Nobody should be surprised about the lack of negative serial correlation in daily, weekly or monthly returns. That's just noise. For the effects of investor psychology to come into play, longer time frames must come into play. Bull markets have height and duration. Bear markets have depth and duration. In a bear market, like 2000-02, investors eventually "puke out" their positions when the bad news never seems to stop. You could say that I looked at 12-month returns to get a simple and convenient handle on return reversal over an arbitrary "long" period. However, many investment managers are paid on an annual basis, and my results suggest that 12-months may be as much indigestion as the pros can stand before "puking" out their losing positions.
I was predicting abnormally good tech stock performance in the period following 2002, not merely normal market returns.
I hope this clears up my point.
Vic asks Professor Hirschey:
I wonder if your worship of your mentor extends to his analysis of balance of payments accounting and his reasons for being short the dollar, as well as his avoidance of individual stocks?

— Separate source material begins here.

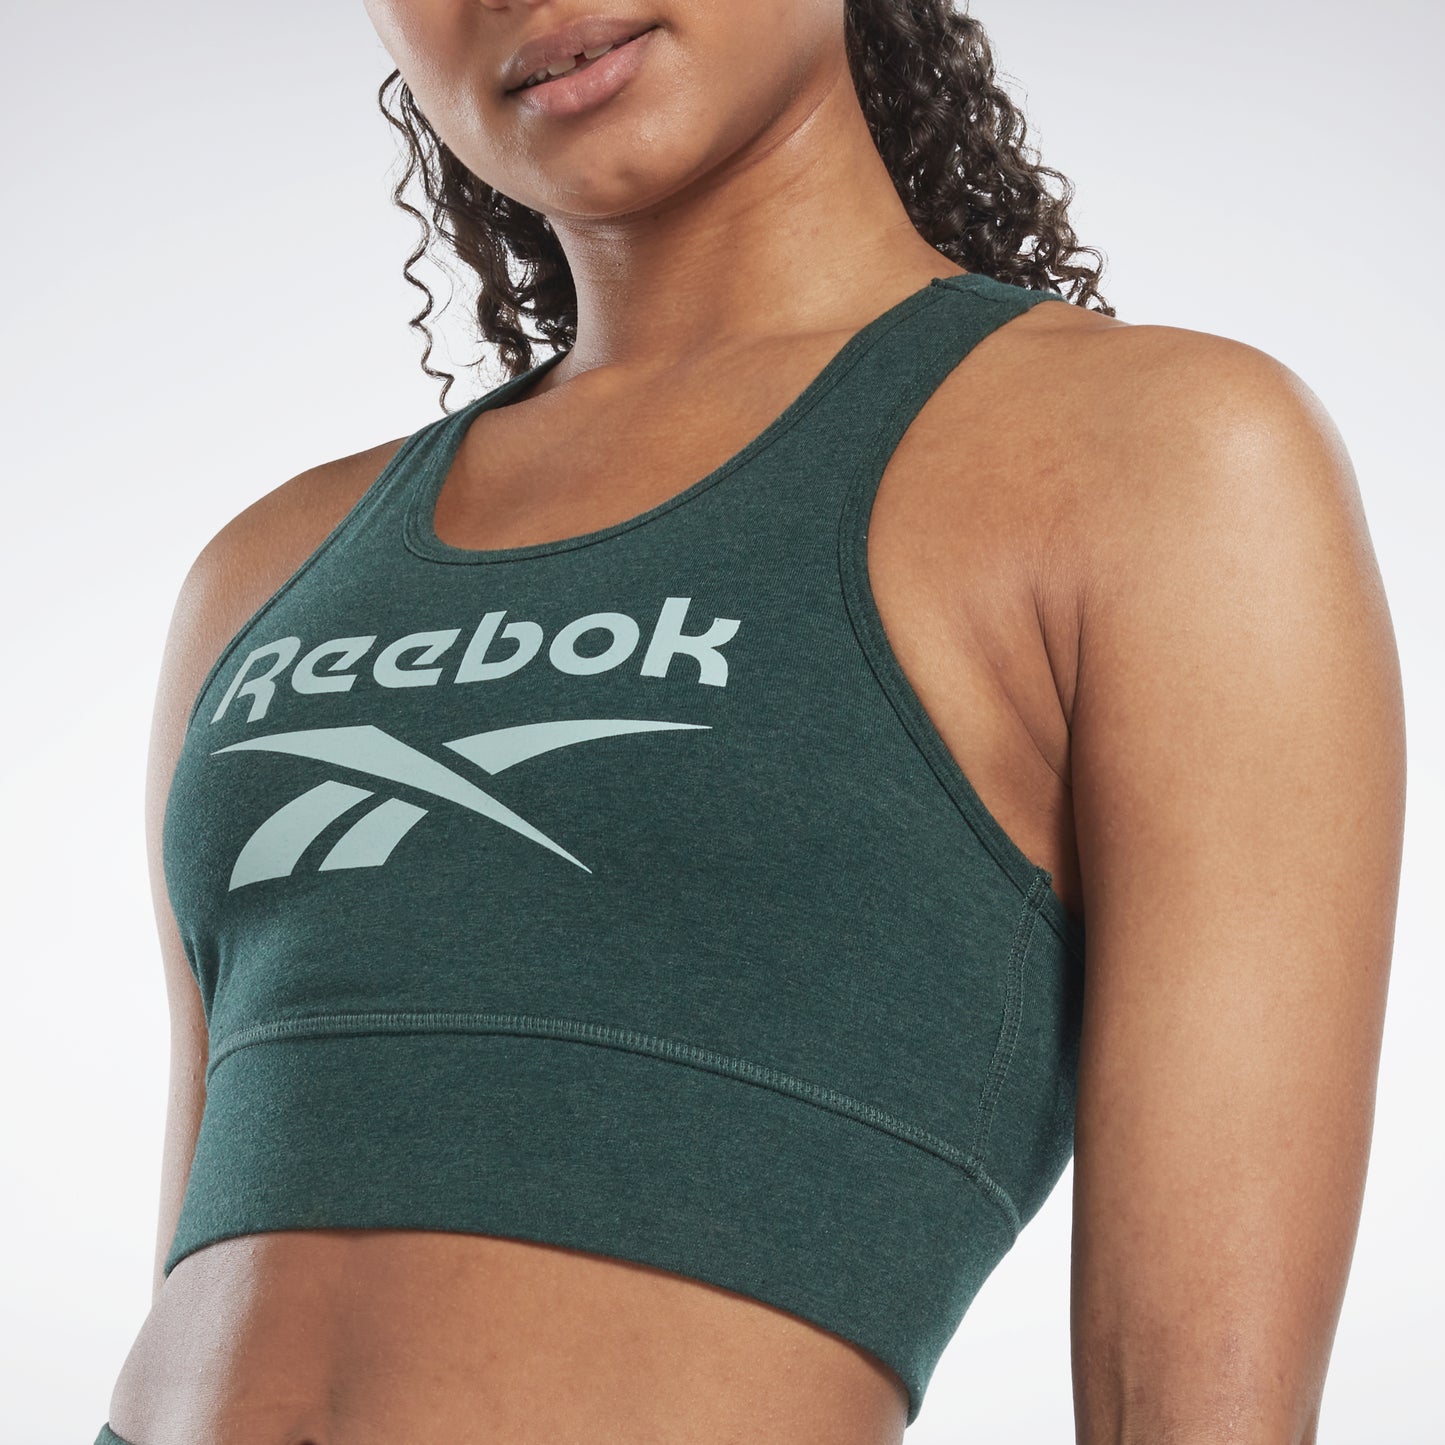 Reebok Women s clothing Sports bras

Professor Hirschey responds:
I also enjoyed your comments about Buffett. My college-age daughter Jessica jokingly refers to Buffett as my hero. I've followed him since 1969, hold lots of BRK.A (but less than Jimmy Buffett does), and carefully consider everything he has to say. He's a really smart guy, and I do find him interesting, but the "hero" idea seems a stretch.
He's had an odd personal life, living in Omaha for years with a woman that his wife (who lived in San Francisco) introduced him to. Buffett has also had a much less than ideal relationship with his kids, which put his current comments about the importance of family in an interesting light. He's older and perhaps wiser now, and trying to make amends, I guess.

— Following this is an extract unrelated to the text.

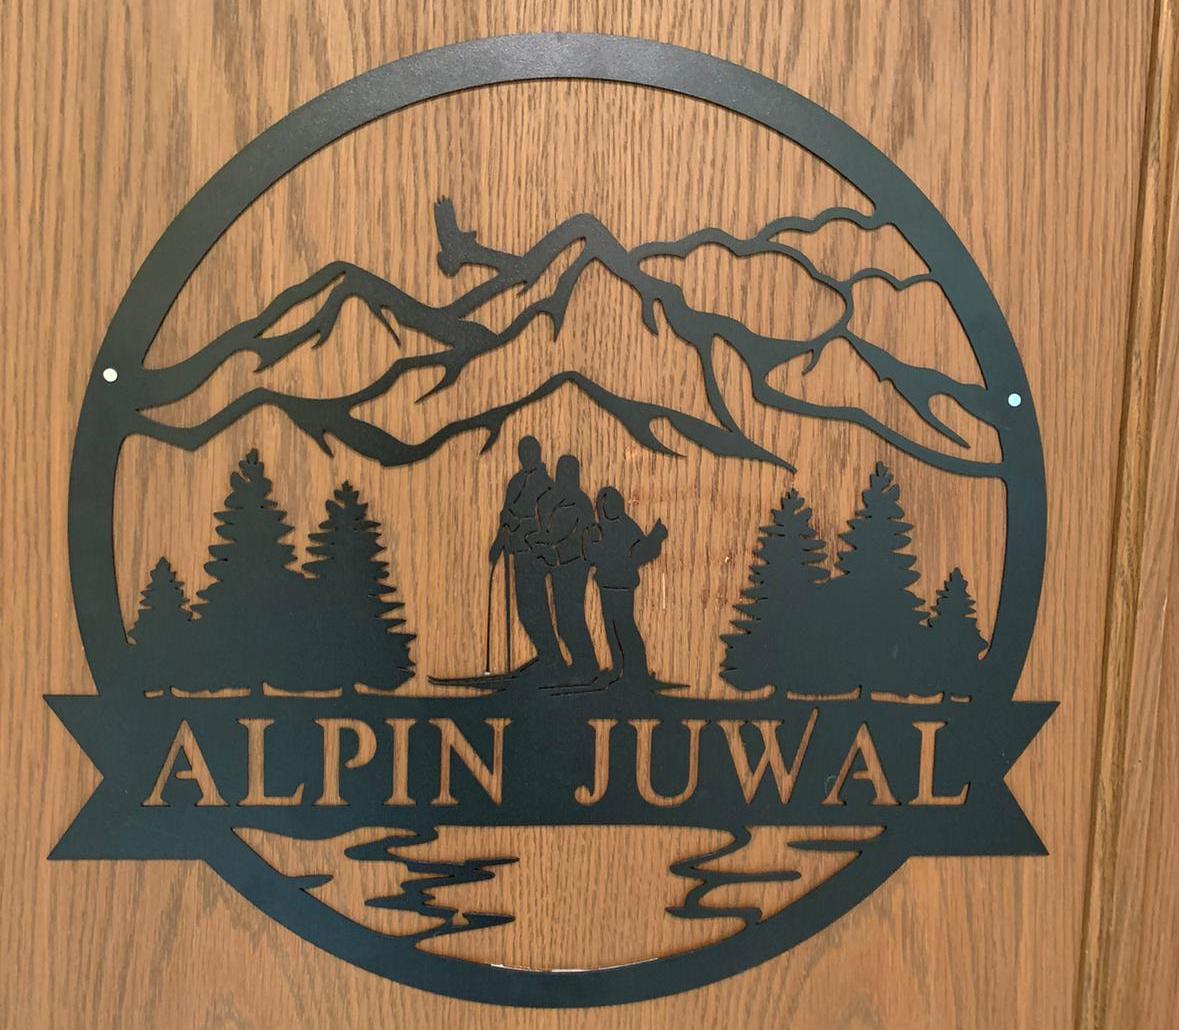 Alpin Juwal

Buffett has also made lots of arbitrage investments that do not square with his public persona to buy and hold quality companies. Buying into the airlines (US Air) and the investment bankers (Solomon) with convertible bonds were mistakes, despite the advantages of fixed income instruments for an insurance company. Buying shoe companies was also a (now admitted) mistake; I think he may also come to regret taking on a big position in furniture retailing, a business that is now morphing into very risky electronics retailing. Power utility stocks look like a sensible way to 10% returns going forward, but they are no path to big returns, that's for sure. Buffett's currency bet is a big departure for Berkshire shareholders. I also think it's a bad bet. I could be wrong, of course.

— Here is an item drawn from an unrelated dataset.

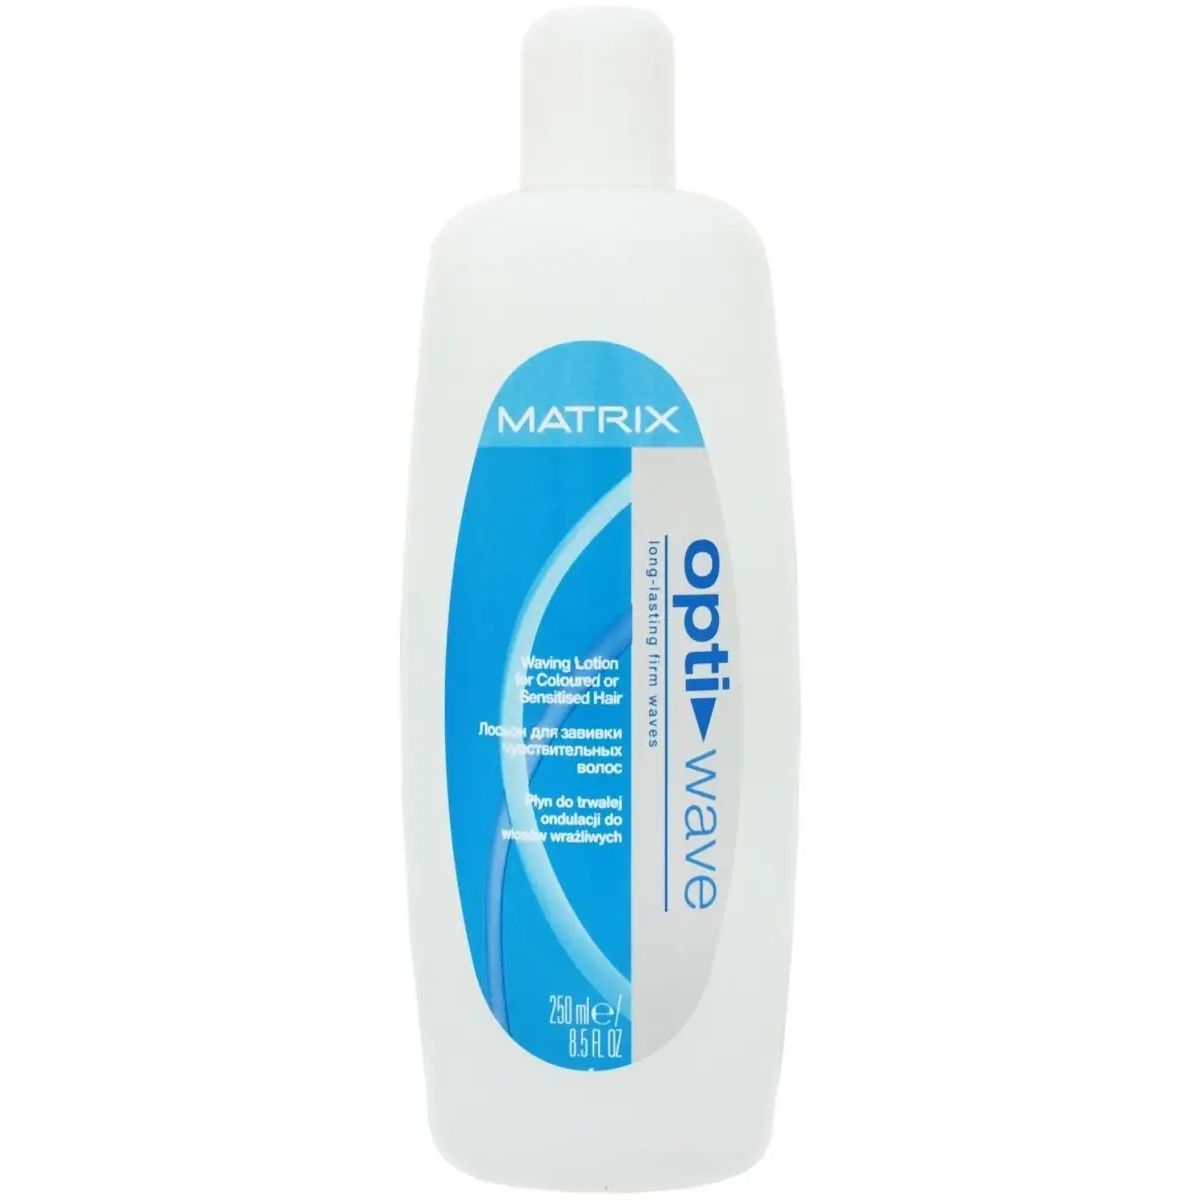 Лосьон для завивки Matrix Opti Wave чувствительных волос 3 х 250 мл matrix лосьон для завивки резистентных волос 3 х 250 мл

IMHO, Buffett is very, very good. He's also been very lucky at key points (Washington Post, Cap Cities, Buffalo News). He's been very good and very lucky. His $43.2 billion payoff is at the way upper tail of a reasonable distribution of what might be expected. I've attached a spreadsheet that might give some perspective on Buffett's performance. As $43.2 billion, Buffett's results are such an incredible outlier that they just shouldn't be able to occur (you really couldn't flip a coin and get heads that many times). The only way I could get any kind of odds on it was to set up the simulation assuming that you have the best of the best manage a portfolio with an average return of 15% with a standard deviation of 20% and let them take over in 1966 with $25 million. If you would have done that you would have had a 3.74% chance of ending with $43 billion. The catch is, of course, that Buffett earned a 29.5% annual return for 13 years to get to $25 million in 1966.
Essentially, most mortals have little chance of becoming the next Warren Buffett. Not me, for sure. I'm working real hard, and I'm not worth 1/10,000th as much.